**Dataset content**
=== Section Start ===
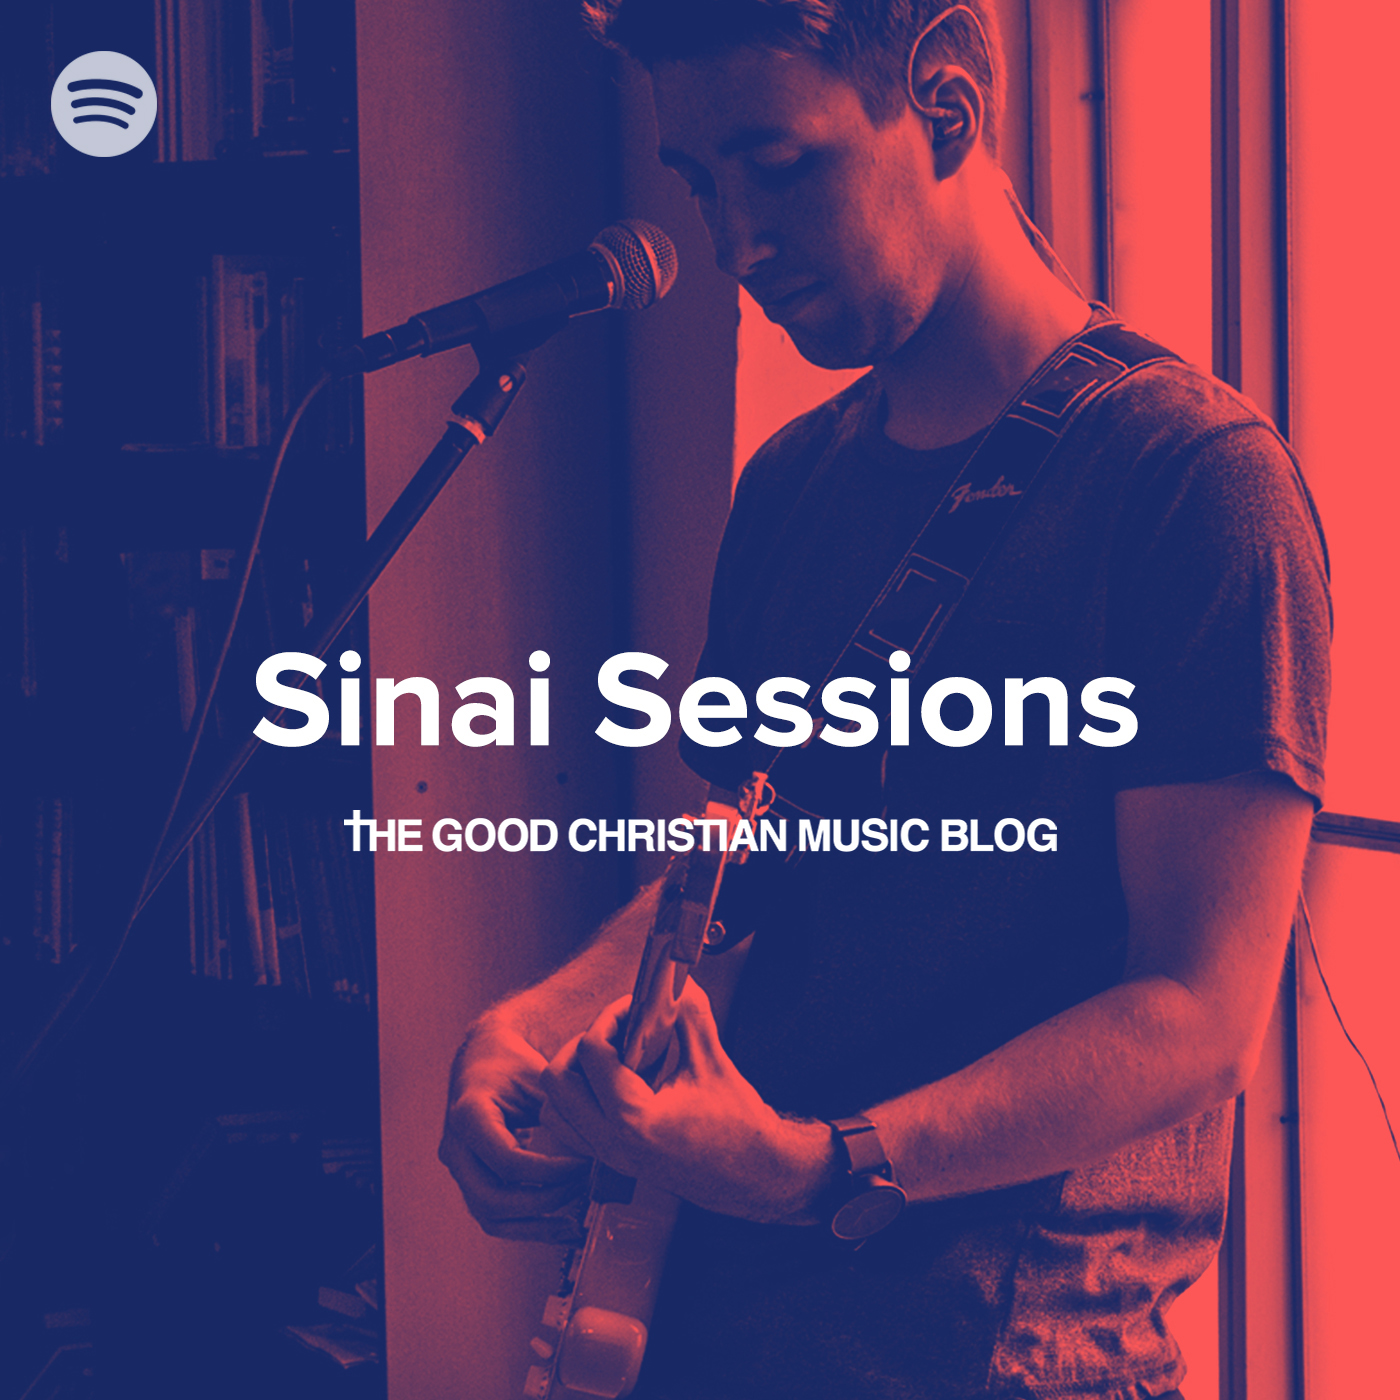 Sinai Sessions Spotify Playlist Artwork.jpg
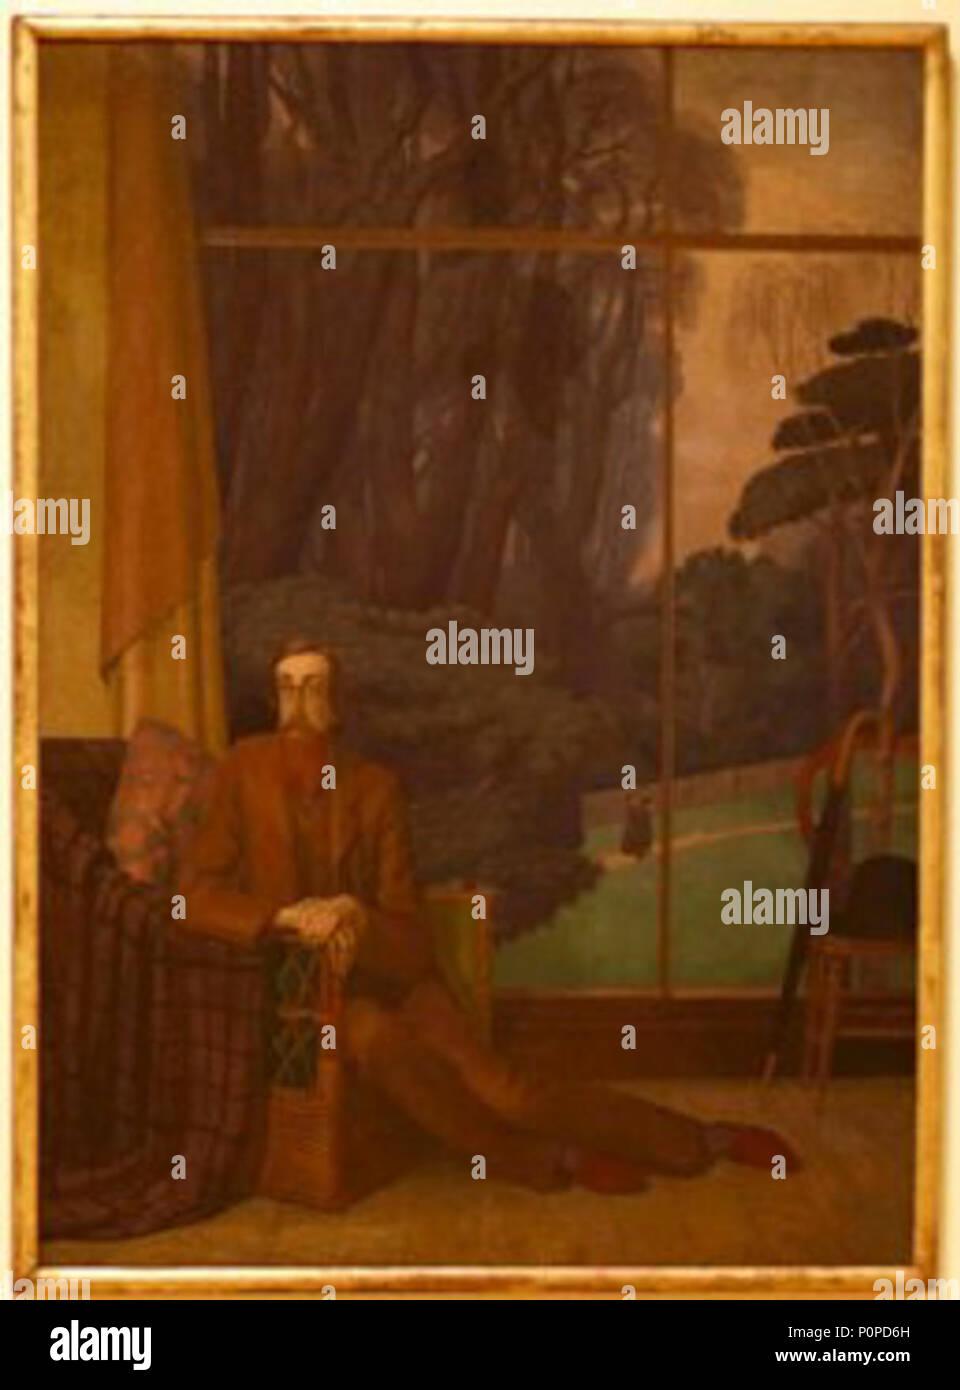 Lytton Strachey 28191429 par Lytton Strachey. Banque D'Images
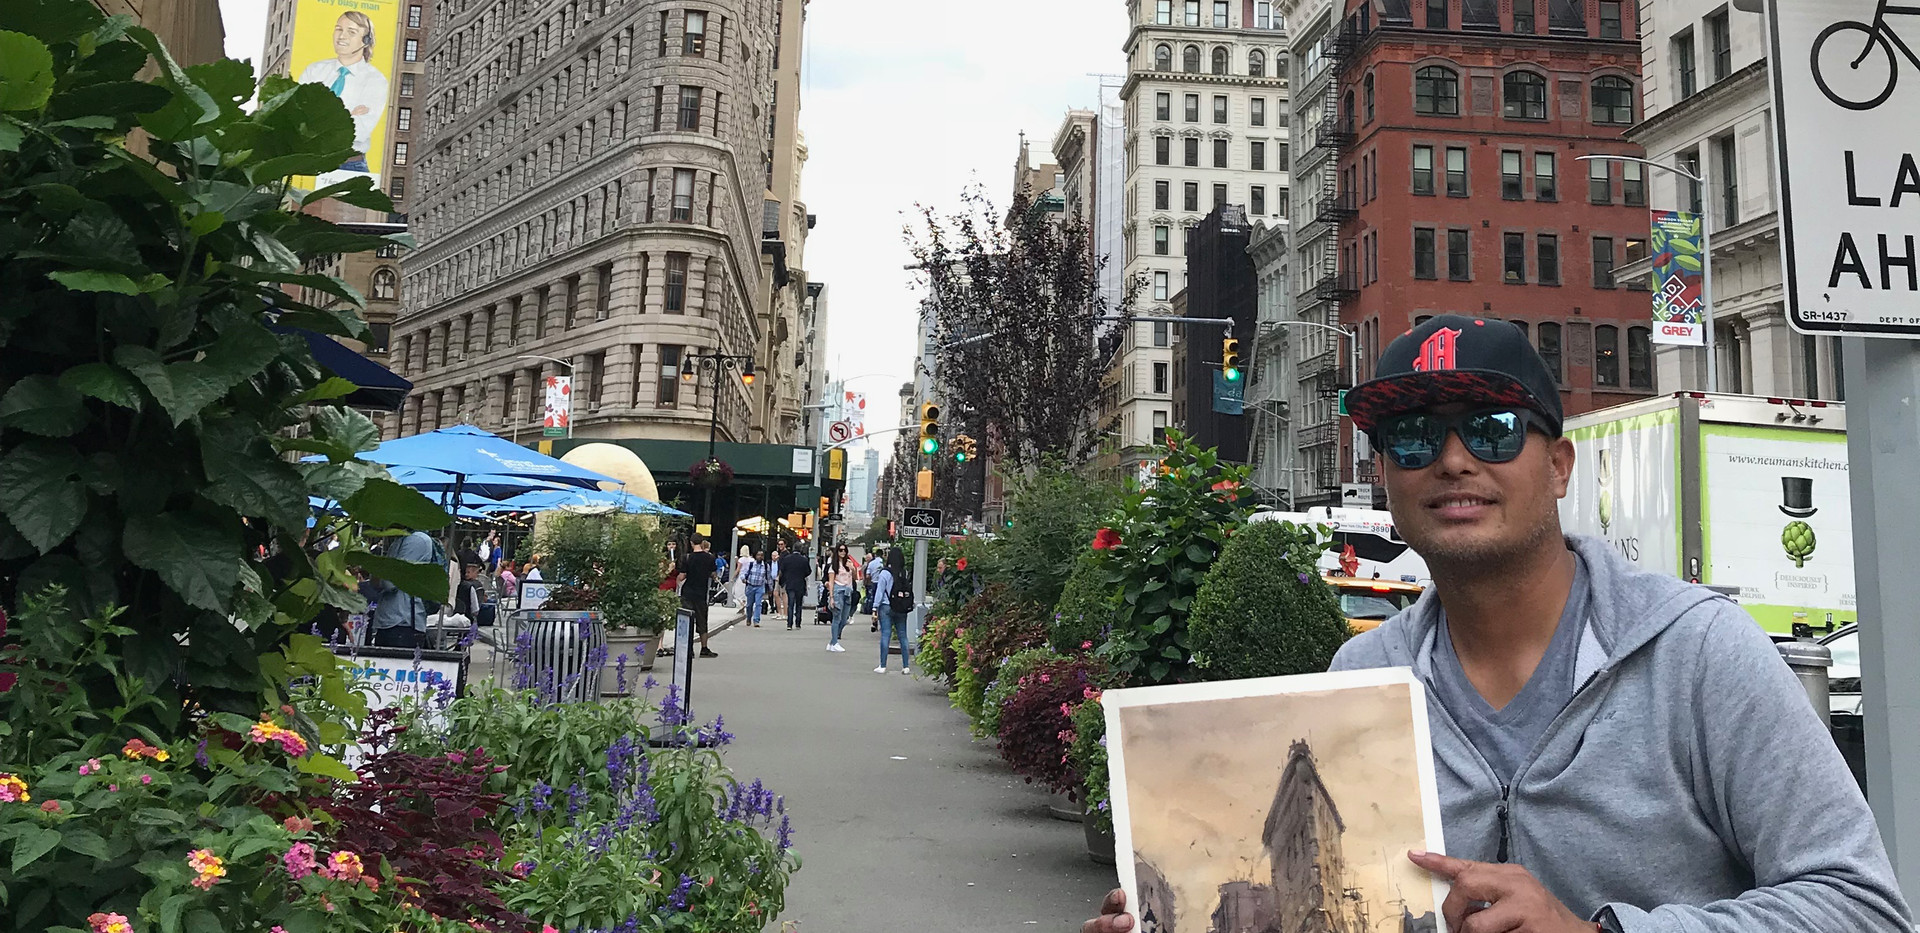 Noon time at Flatiron area lower Manhattan,
=== Section End ===
**Problem to work on**
With the images removed, reproduce all the material above word for word.

**Exercise answer**
 Sinai Sessions Spotify Playlist Artwork.jpg
 Lytton Strachey 28191429 par Lytton Strachey. Banque D'Images
 Noon time at Flatiron area lower Manhattan,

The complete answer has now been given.